### [WORK TO COMPLETE]
Copying rule for the data below: pictures stay out, and only the lines from the one with "Black Handloom Kanchipattu" down to the one with "Specchio da parete", inclusive, are repeated exactly.

### [RECORDS FOR THIS TASK]
-------

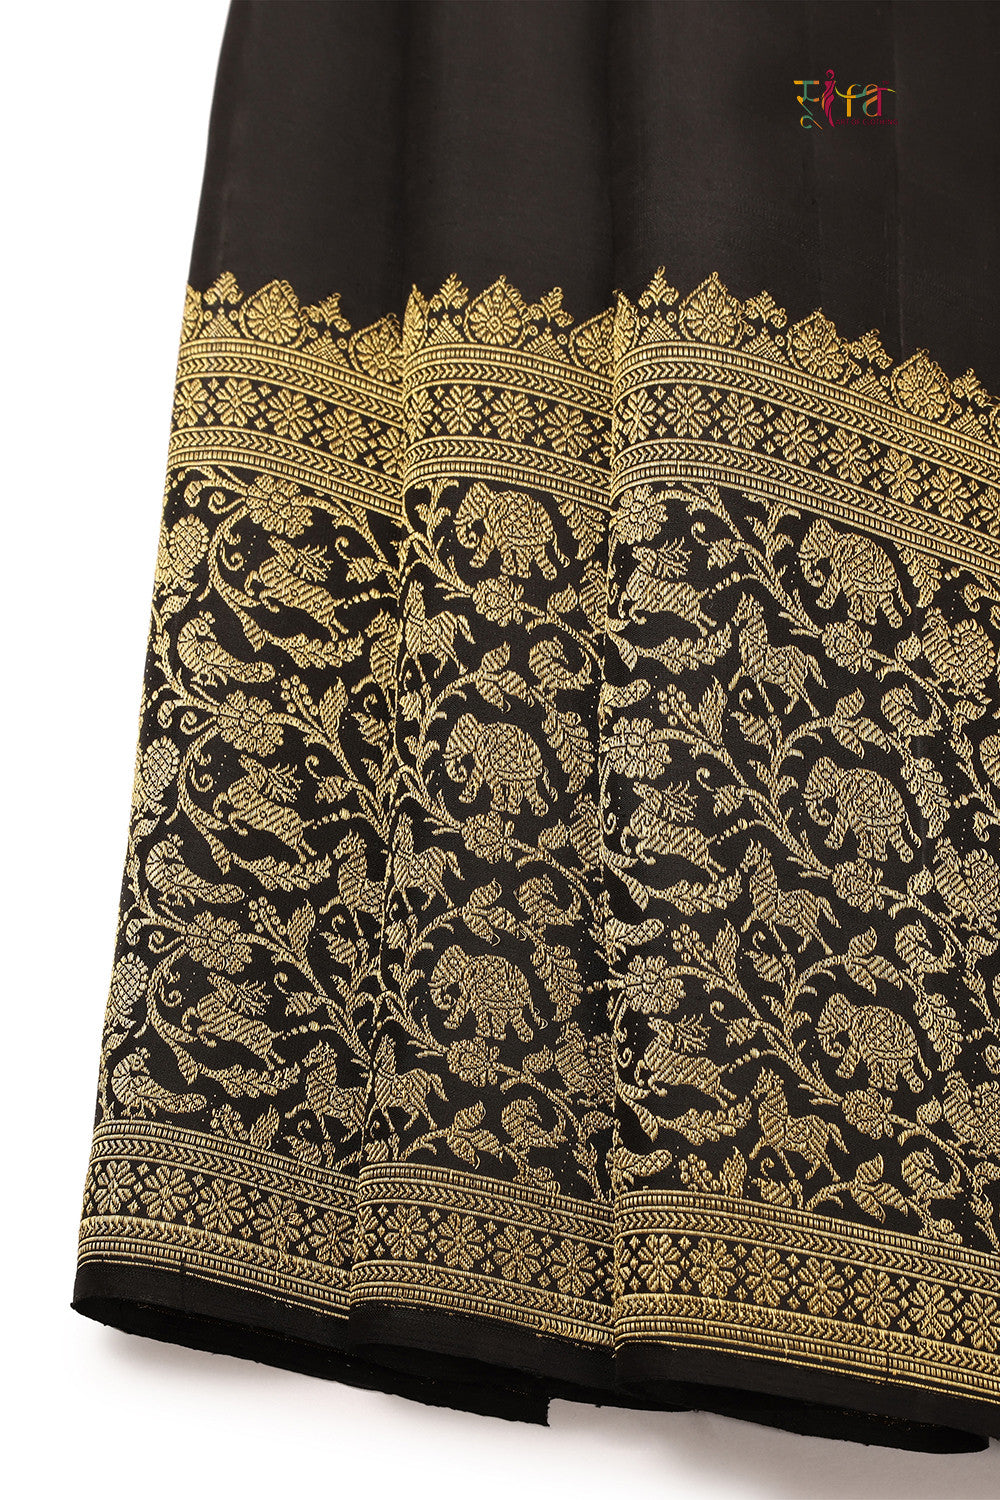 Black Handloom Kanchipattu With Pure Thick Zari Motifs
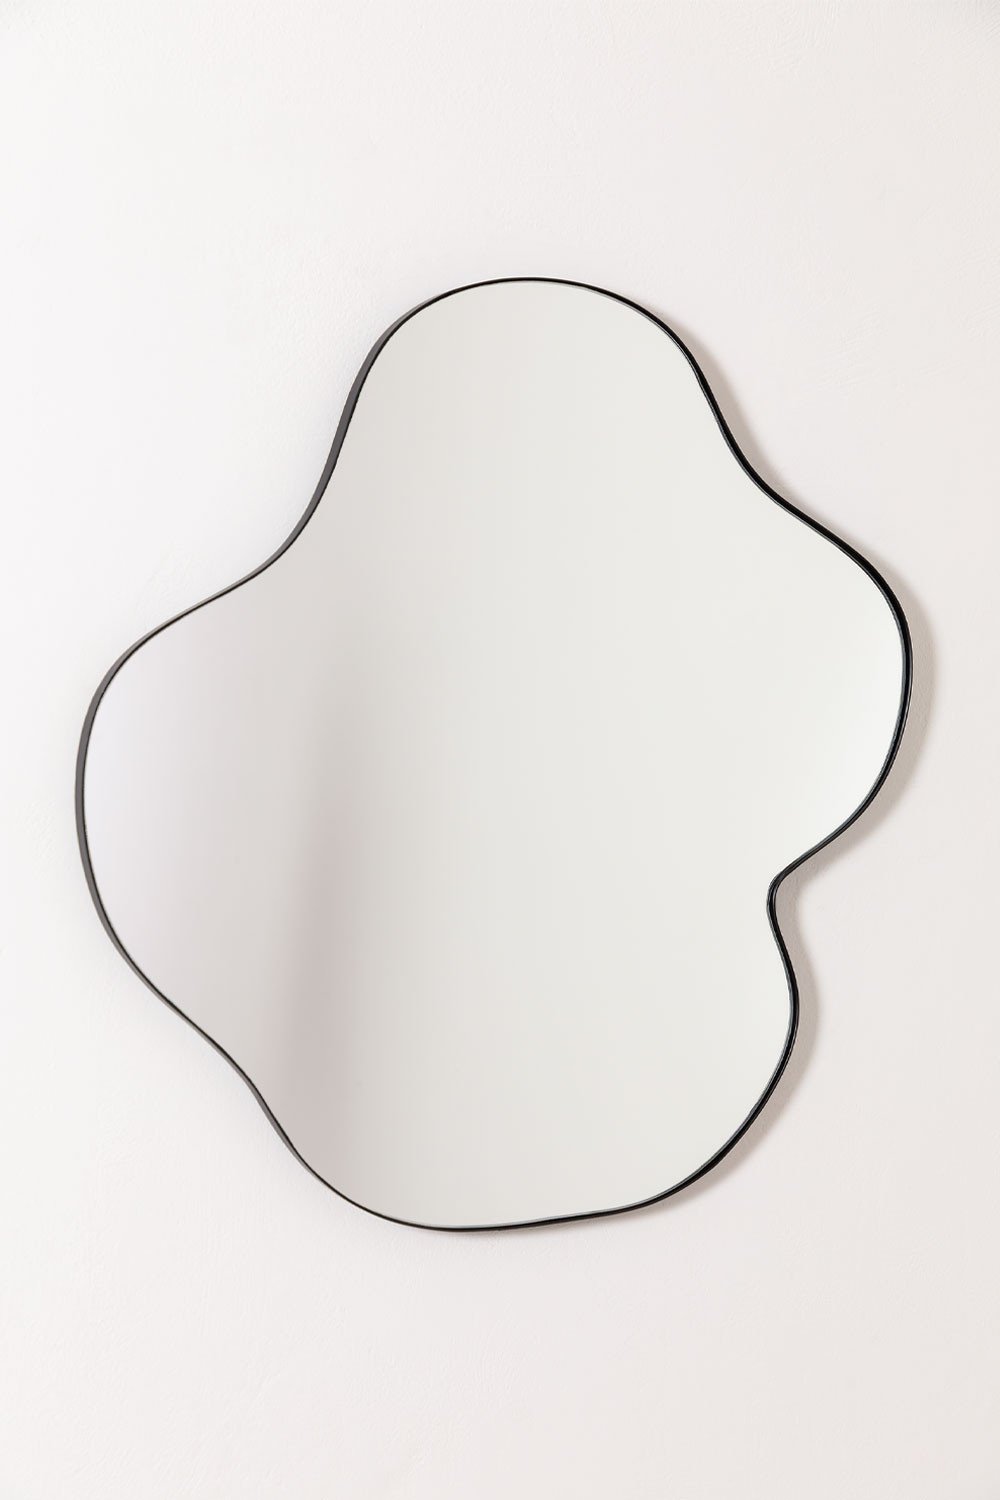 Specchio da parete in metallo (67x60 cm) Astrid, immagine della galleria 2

-------

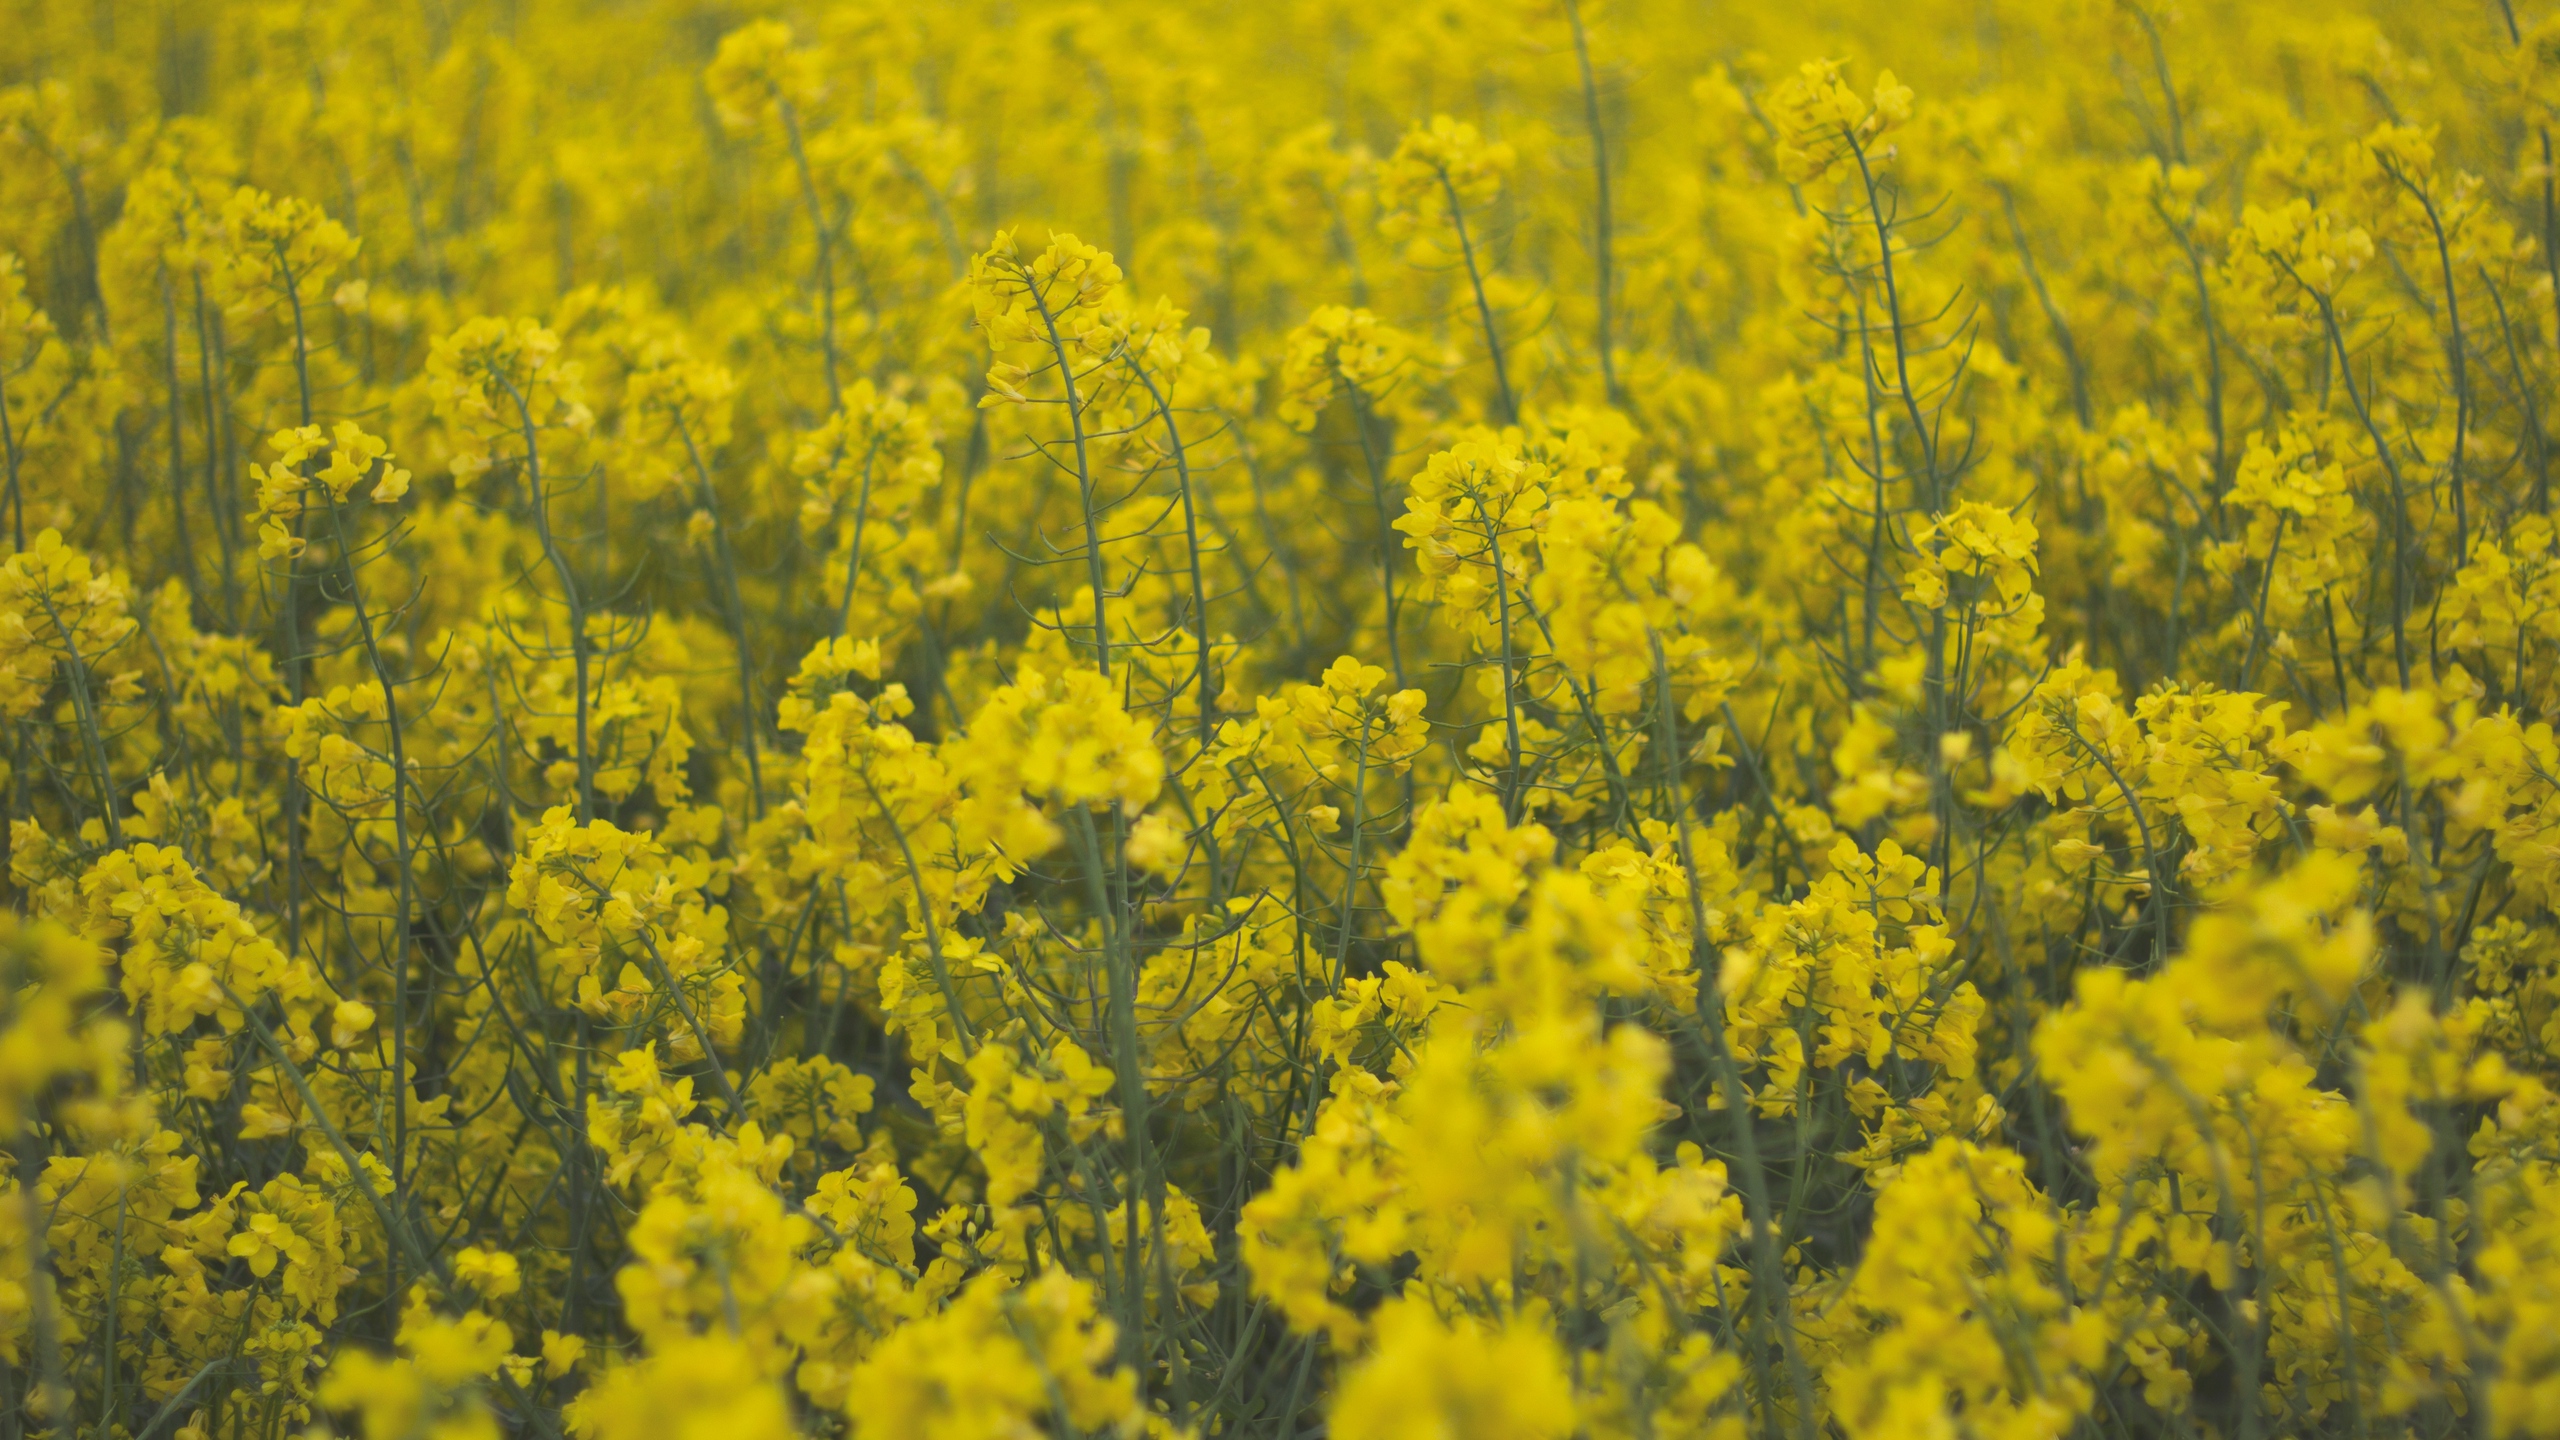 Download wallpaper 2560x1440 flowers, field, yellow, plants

-------

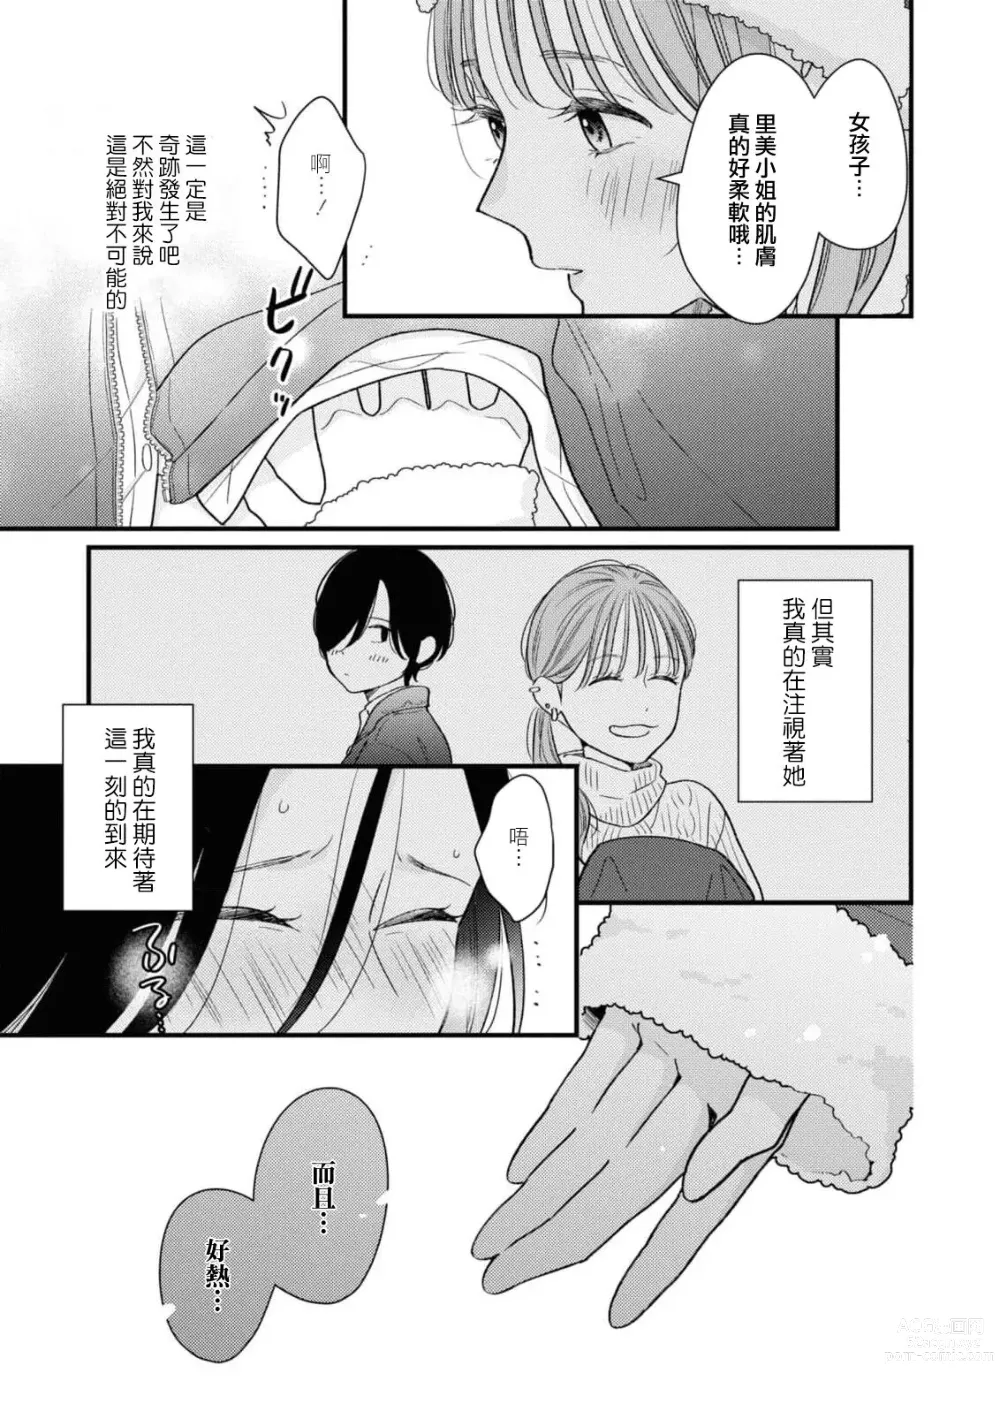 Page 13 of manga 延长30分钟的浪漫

-------

### [EXERCISE SOLUTION]
 Black Handloom Kanchipattu With Pure Thick Zari Motifs
 Specchio da parete in metallo (67x60 cm) Astrid, immagine della galleria 2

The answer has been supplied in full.